Because this recipe involves soaking (a proper grain preparation method that renders the anti-nutrients that contribute to food allergies and Leaky Gut inactive), it does require some forethought and advance notice. IE: You have to mix up two of the elements of this the night before (or, at least 12 hours ahead of time).
Also, since the flour is soaked in yogurt, it changes the glycemic load of the pancake batter and makes these pancakes lower glycemic than the glycemic index of the flours/starches themselves. In other words, you probably won’t feel like you’ve eaten a carb bomb in the morning for breakfast. You should feel appropriately full, not overstuffed, and not have a carb crash/food coma sensation afterward. Both the fat in the yogurt and the soaking/souring process itself helps to achieve this. By the way, no, these pancakes do not taste sour from the yogurt. In fact, I do not even notice any tang at all. The yogurt just acts as an acidic conduit for change in the grain; it does not generally flavor the batter.
Note: this recipe uses a portion of Bob’s Red Mill All Purpose Gluten-free flour baking blend. You could also just use plain white rice flour or sorghum flour in place of the All Purpose flour.
light and fluffy “white flour” pancakes (gluten-free, soaked)
Makes about 8-10 pancakes
1/4 cup sorghum flour
1/4 cup Bob’s Red Mill All Purpose Gluten-free flour baking blend (or more sorghum or white rice flour)
1/4 cup white rice flour
1/4 cup tapioca starch (or potato or corn starch)

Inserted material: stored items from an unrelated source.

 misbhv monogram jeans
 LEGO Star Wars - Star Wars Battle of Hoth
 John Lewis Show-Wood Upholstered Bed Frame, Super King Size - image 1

1 cup yogurt (Dairy or non-dairy is fine. I have a great local resource for grass-fed raw cultured yogurt which is what I used. I would suggest an unflavored yogurt)
1/2 tsp baking soda
1/4 tsp sea salt
1 large egg, beaten
1-2 T fat, melted for cooking (ghee, coconut oil, bacon grease, butter)
Optional add-ins: splash of vanilla, pinch of cinnamon and allspice, lemon zest, etc.
- Combine flours in large bowl and mix well. Add yogurt and whisk thoroughly. Cover and let sit at room temperature (on the countertop is fine). This mixture should soak for 12-24 hours.
- After 12-24 hours, add baking soda, salt and egg to soaked grains and stir until combined.
- Melt fat of your choice in large pan and spoon small dollops of the batter into the pan. Cook until the bottom of the pancake is browned, then flip and finish cooking.
- Serve with topping of your choice. I love blueberries, cashew or almond butter, honey or maple syrup. Eat and enjoy!